Work item → When the data below is printed, every line must match exactly and the images must be absent.

Data segment →
==*==

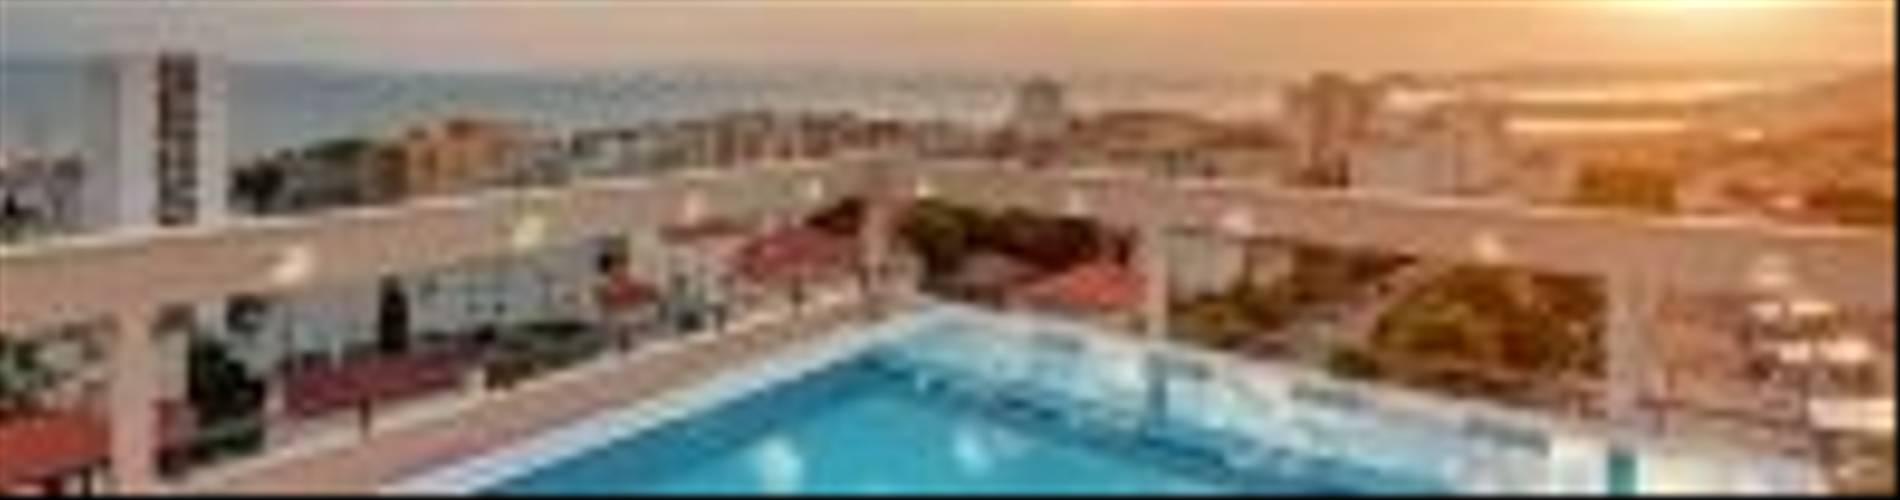 HotelResidence_DIOKLECIJAN_rooftop-pool-sunset-panorama_2048px_D53A2565-198x120.jpg
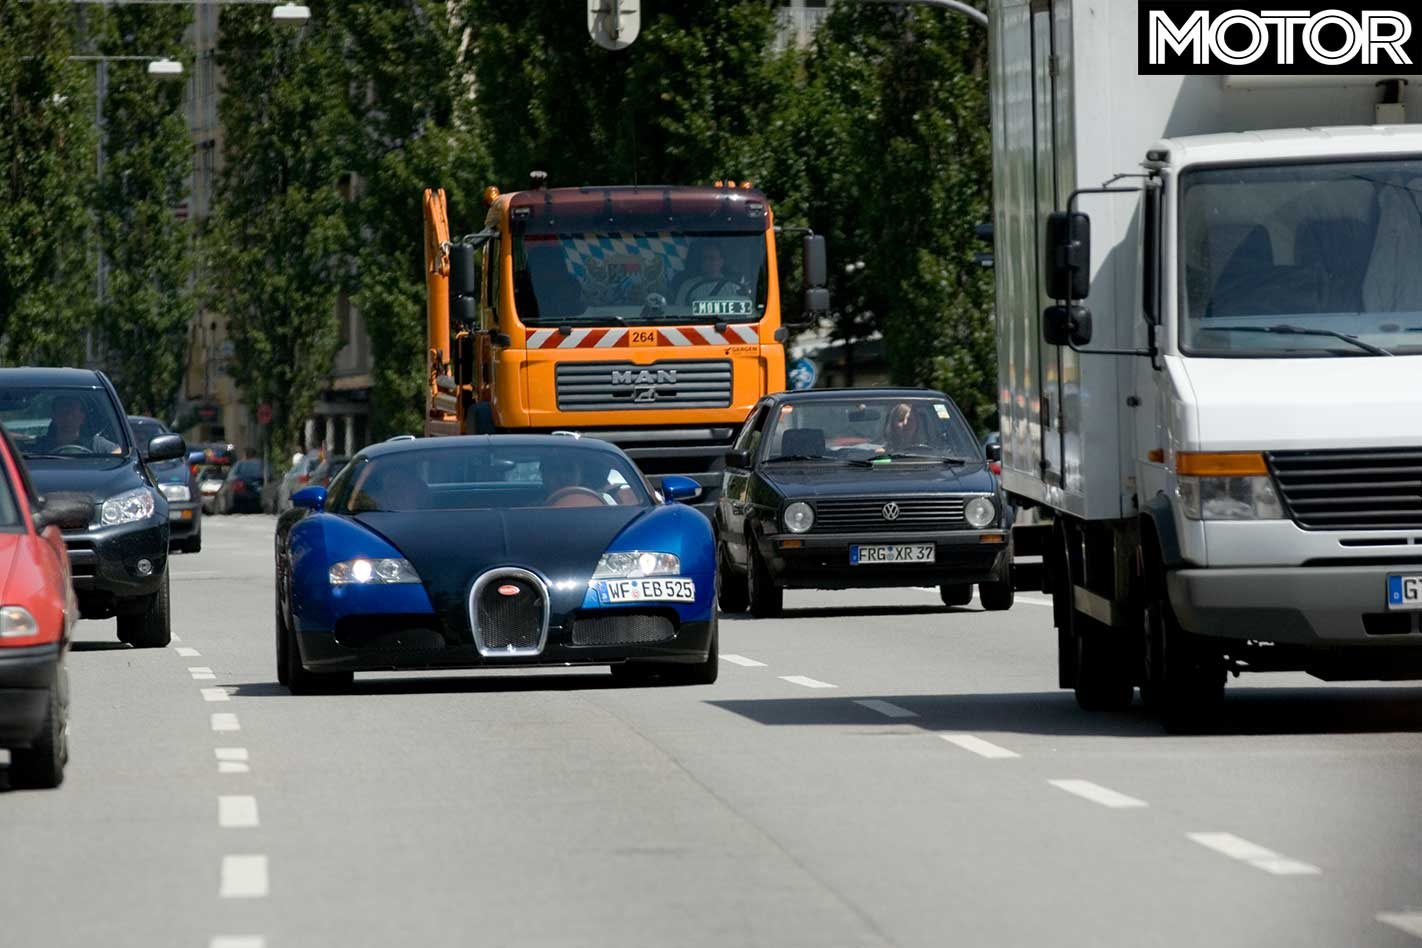 2007 bugatti veyron review: classic motor
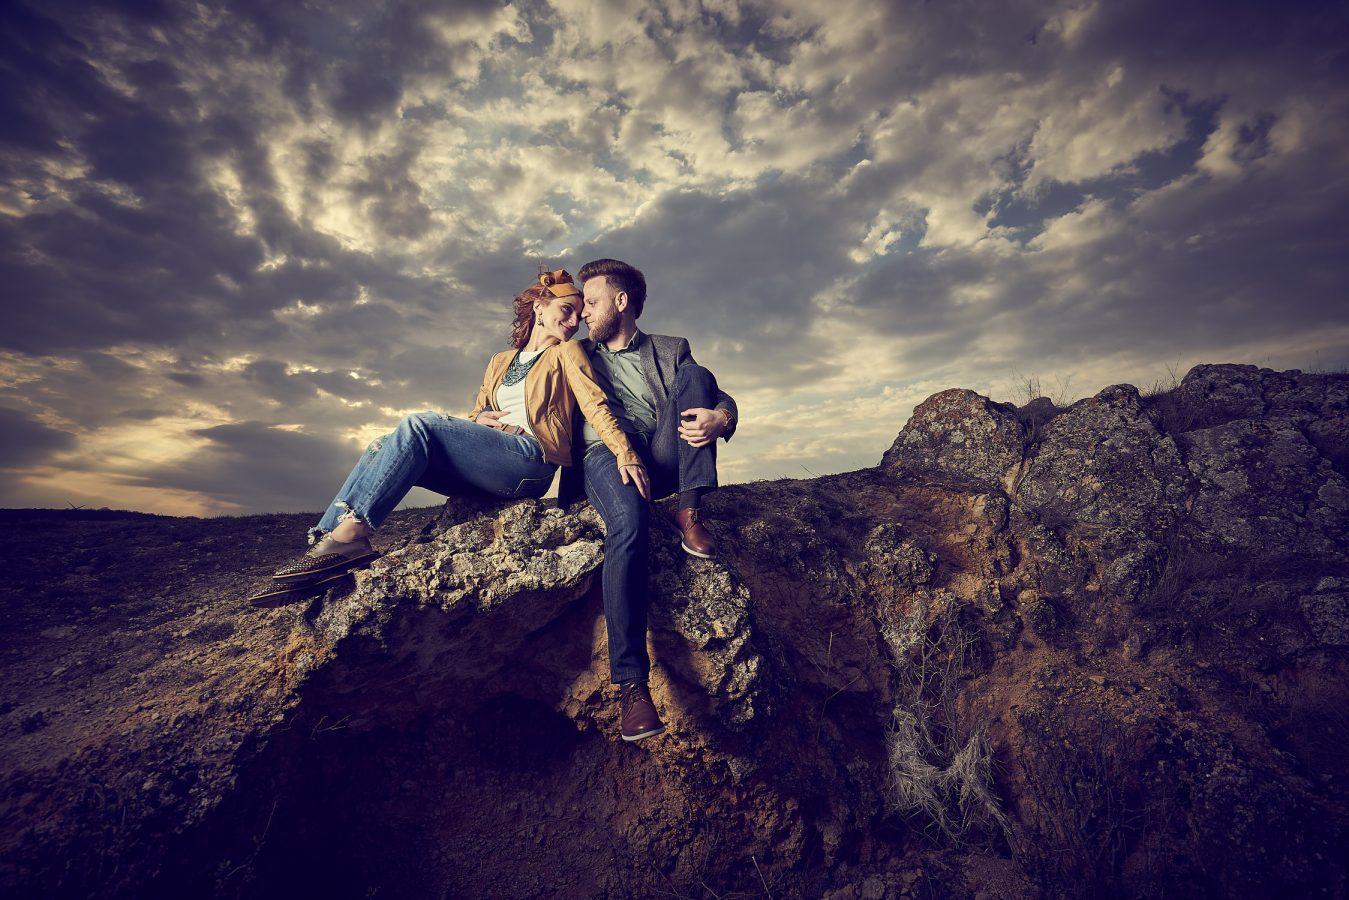 Couples Photography by Alin Popescu - Jönköping couples photographer

==*==

Exercise solution →
 HotelResidence_DIOKLECIJAN_rooftop-pool-sunset-panorama_2048px_D53A2565-198x120.jpg
 2007 bugatti veyron review: classic motor
 Couples Photography by Alin Popescu - Jönköping couples photographer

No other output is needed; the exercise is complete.